I initially gave him Benadryl but did not see any improvement, I actually thought it made worse. I then took Igor to my vet who said his simptoms were allergy related. My vet then prescribed Temaril P, an anti inflamatory, 3 pills twice daily and then 3 pills once a day for additional 6 days. During the first 3 days, he was better but on the night of the 5th day, the symptons came back. I still gave it to him for 4 more days until all finished.

As he was still not doing better, I noticed my Benadryl expired in 2007! I then bought a new one but had the same effect, no improvements and actually thinking it made worse. 

I talked to my vet again and he said we should put him back on Temaril, now 3 pills twice a day for 4 days and then 2 pills twice a day for additional 7 days. I told my vet I am concerned that we are treating the symptoms with an anti inflamatory not knowing what is really causing this, allergy diagnostic can vary a lot but I am not convinced this is allergy related. During his heavy breathing, sometimes Igor does a very long deep breathing and exhaled heavily. 

I switched my dog food from Science Diet for German Sheppards to Eukanuba for Seniors. He has been eating a lot and I changed from 2x to 3x a day. I noticed the size of the dog food is a lot smaller in the Eukanuba and my dog chokes when he eats. I was wondering if during one of those he might have inhaled a dog food to his lung instead. I saw a liquid drop from one of his nasals with a little brown dot in it. I taped but have not shown my vet yet. The other nasal has some white crust around which my vet told me is coming from the congestion.

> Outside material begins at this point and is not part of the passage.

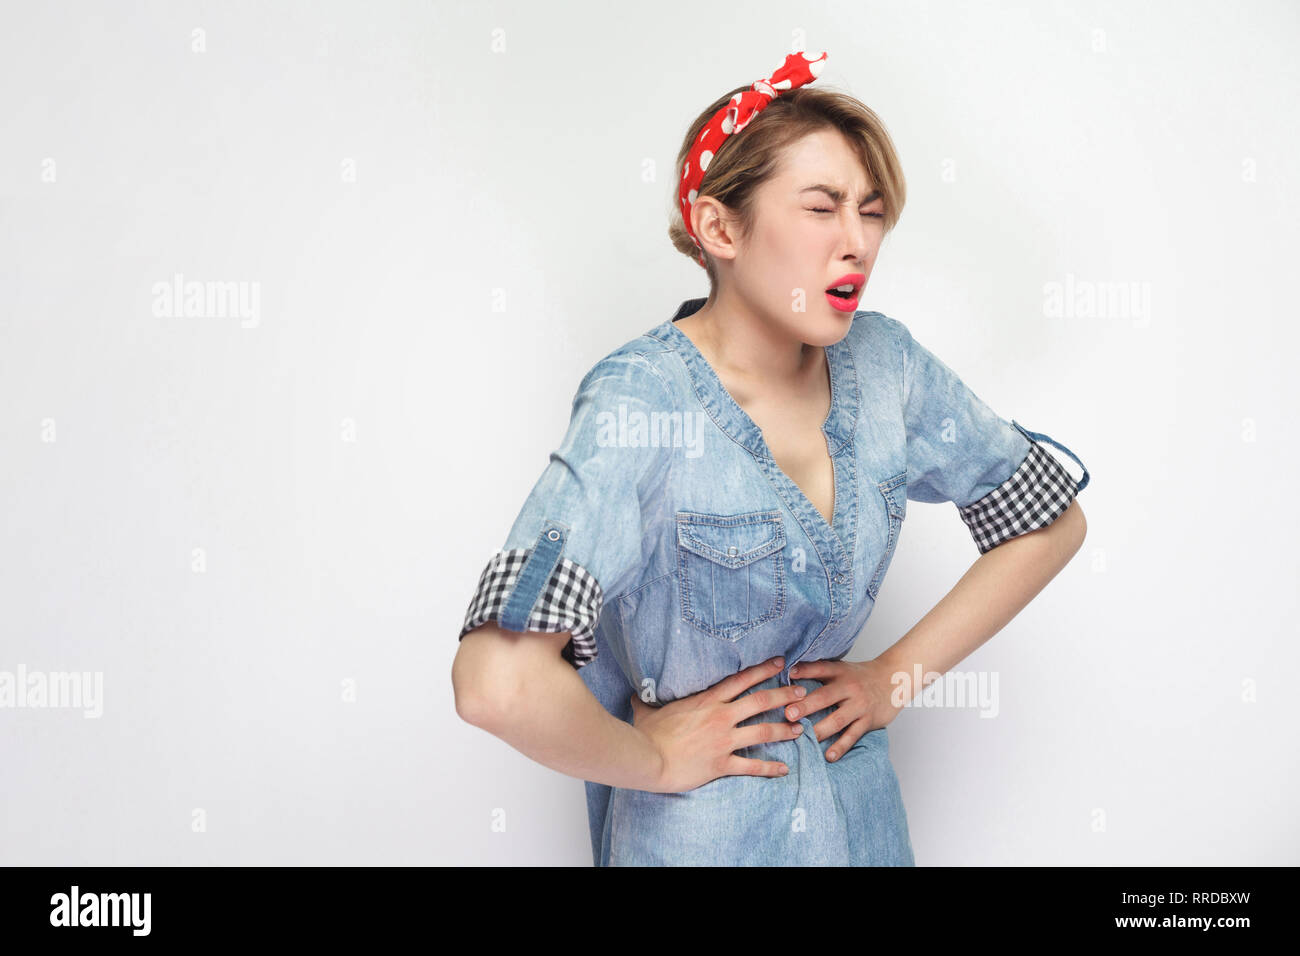 La douleur d'estomac ou de période. Portrait de la belle jeune femme en chemise en denim bleu décontracté avec un miroir, bandeau rouge debout et tenant son ventre douloureux. Banque D'Images

I taped some videos with the heavy breathing, sneezing, chewing, licking and shaking head and sent to my vet. I am very frustrated with this whole situation where I do not know what else to do to see improvements in my dog's well being. my vet said the next step would be to put him on predsolone (?), an antibiotic. I am not convinced Igor has an allergy so I am turning to you guys for help. I can send you the videos if you need to see them.


----------



## carmspack (Feb 2, 2011)

do an x ray -- to rule out cancer --


----------



## Lauri & The Gang (Jun 28, 2001)

I would suggest a chest xray asap.


----------



## GatorBytes (Jul 16, 2012)

Hey there, sorry to hear your dog is having such trouble

I am posting links from Pet MD symptom checker - first I ran the curser and clicked on head neck and nose and clicked on the symptoms you described (box on the right), below gives you a comprehensive list of possibilities ranging from heart to lung to viral to fungal and auto-immune. You can click on each individual condition (some you have to hit the ctrl. key and click at same time and then the tool bar box at top of screen - others will open automatically)...

Dog Symptom Checker | Dog Health & Ilness Symptom Checker Online | petMD

I then used the symptom checker to click on chest area and entered symptoms there too...(note: I chose "loud breathing and Noisy breathing" not "difficulty breathing" as the later gave only one condition prominant in small flat faced dogs)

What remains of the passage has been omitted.